→ **Dataset section**:
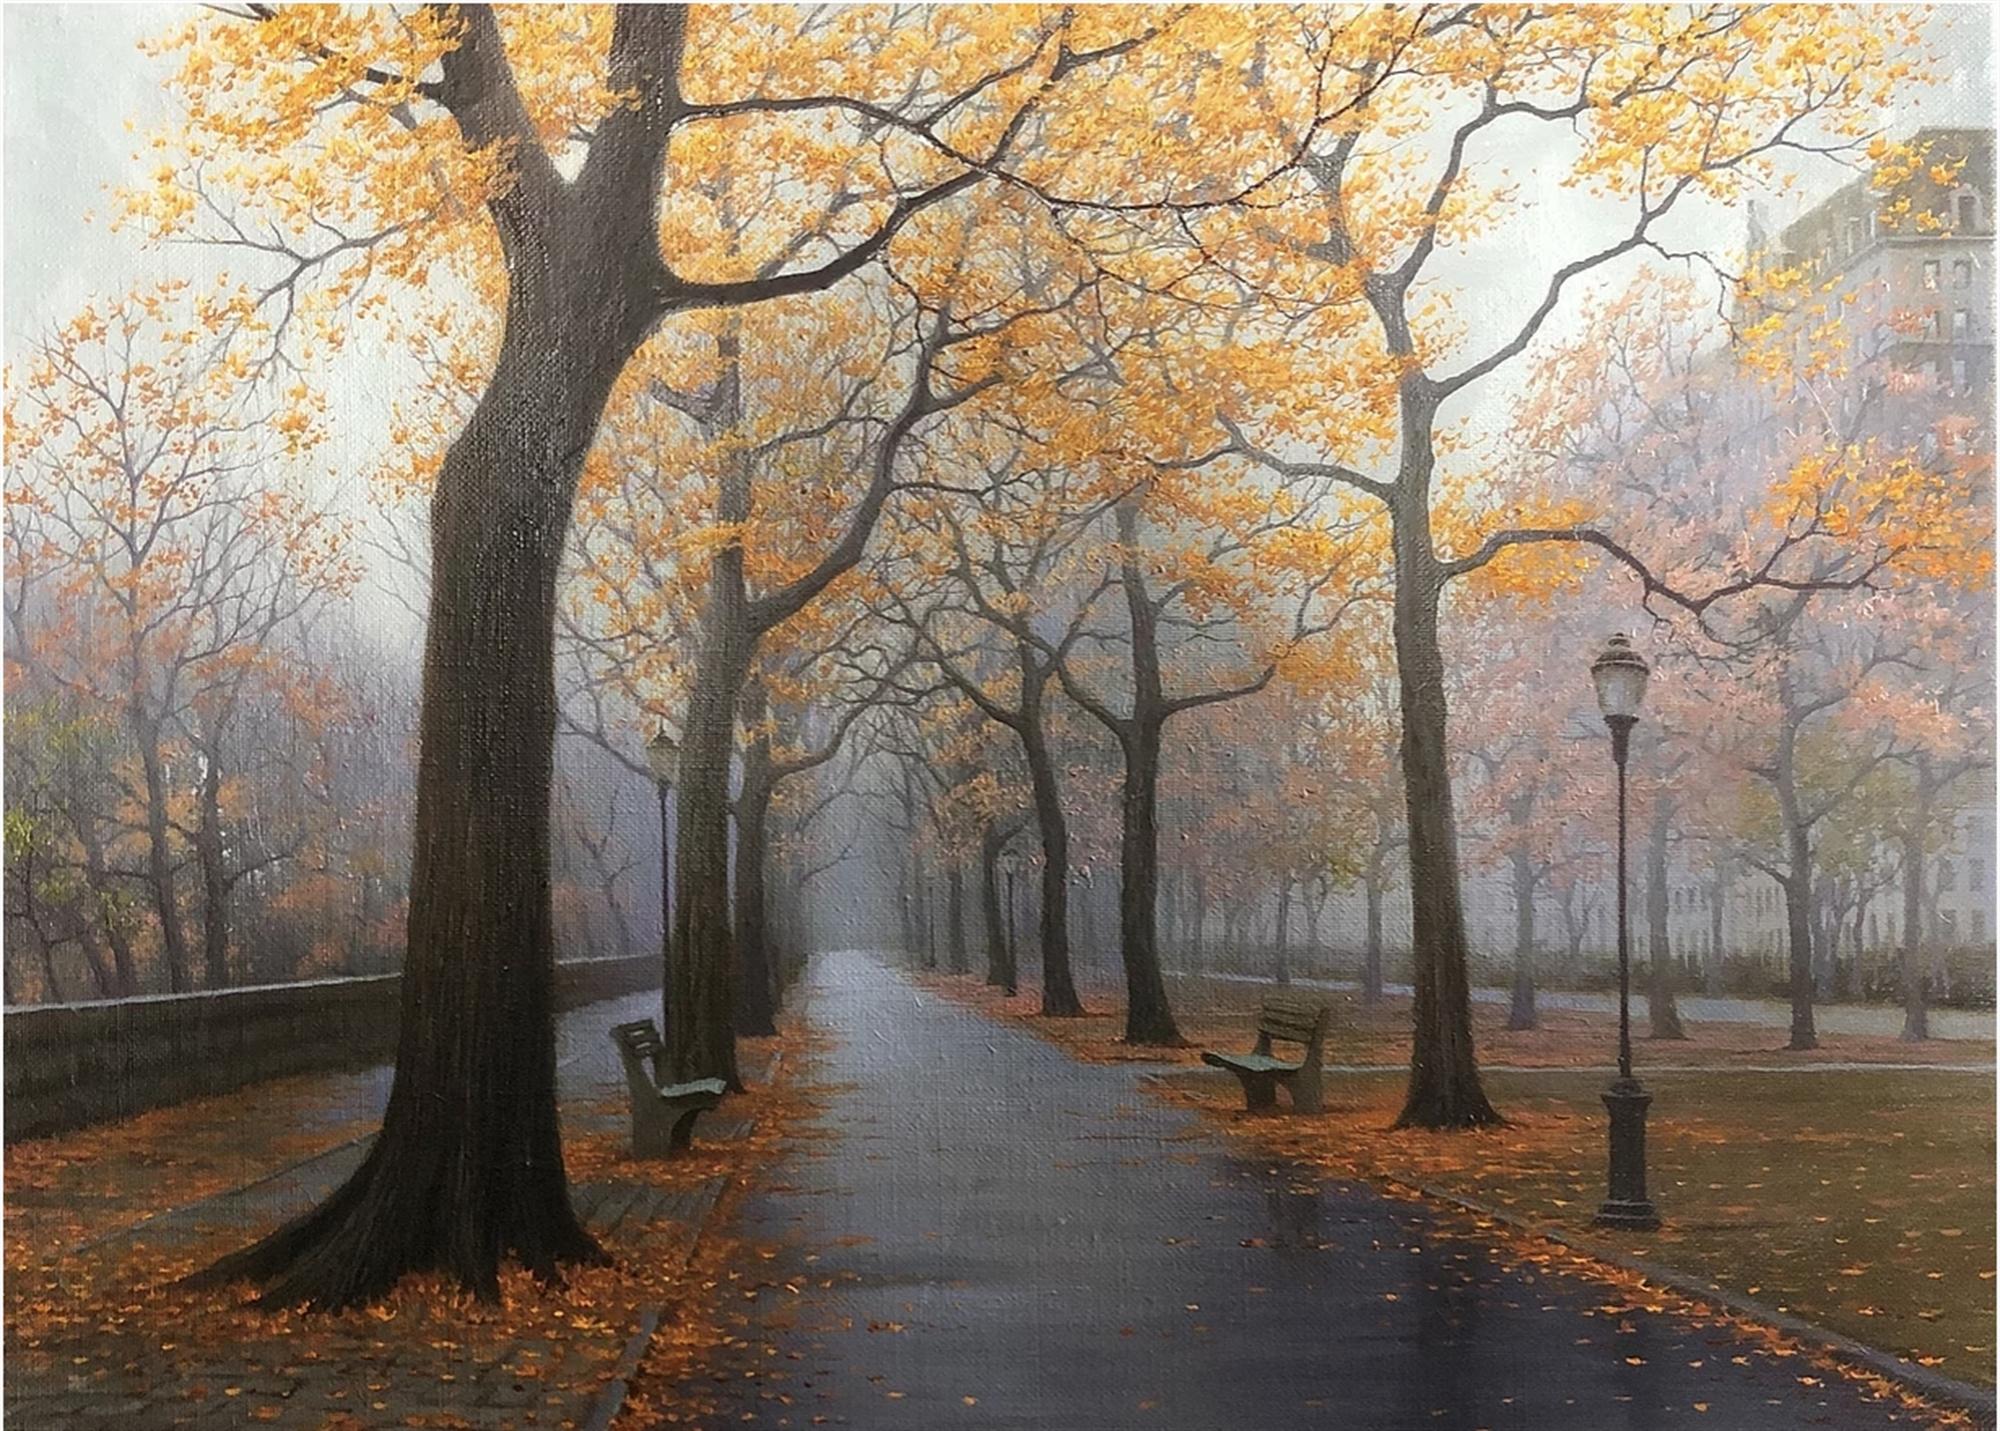 Autumn's Blanket by Alexei Butirskiy
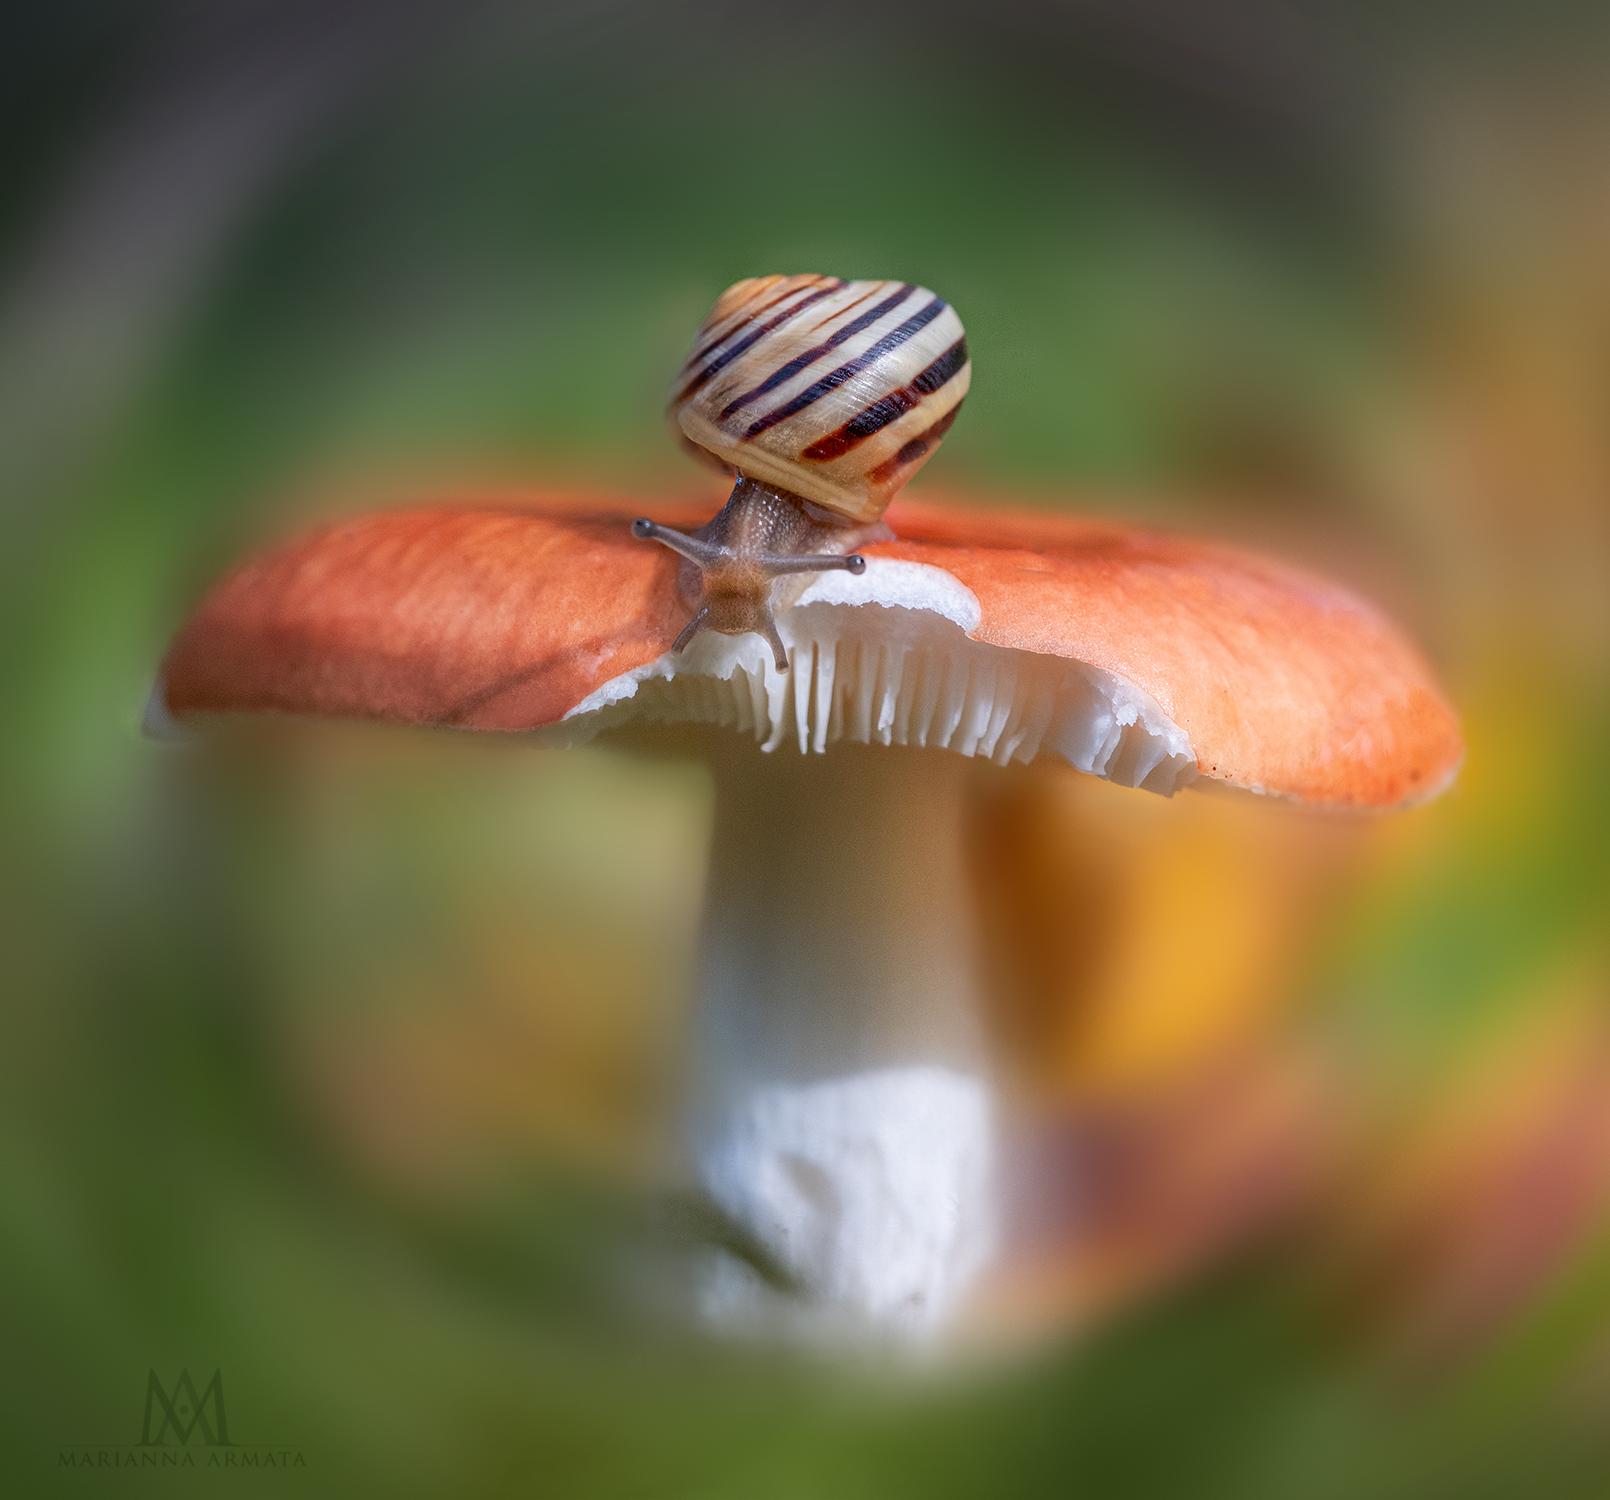 Russula + snail
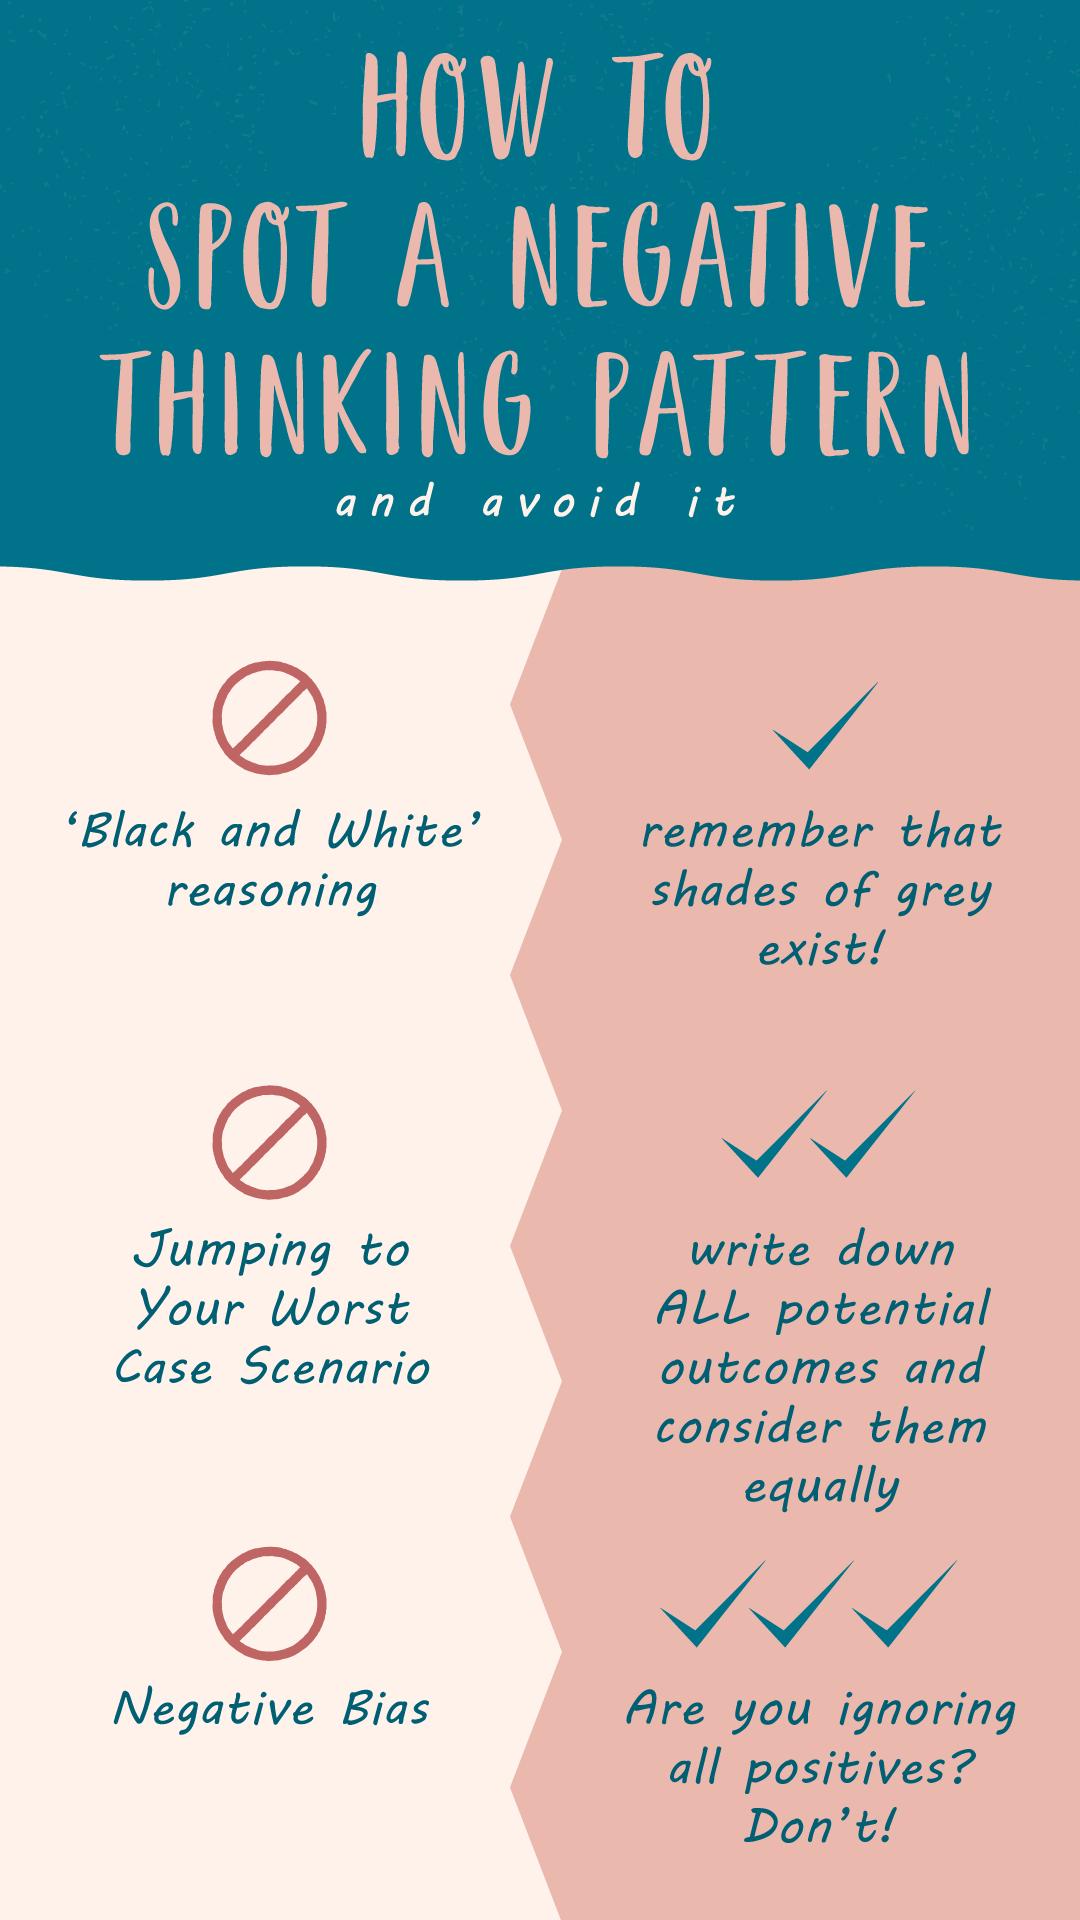 Stop that Negative Thinking Pattern

→ **Exercise details**: In your copy, reproduce the data above exactly and skip every picture.

→ **Result**:
 Autumn's Blanket by Alexei Butirskiy
 Russula + snail
 Stop that Negative Thinking Pattern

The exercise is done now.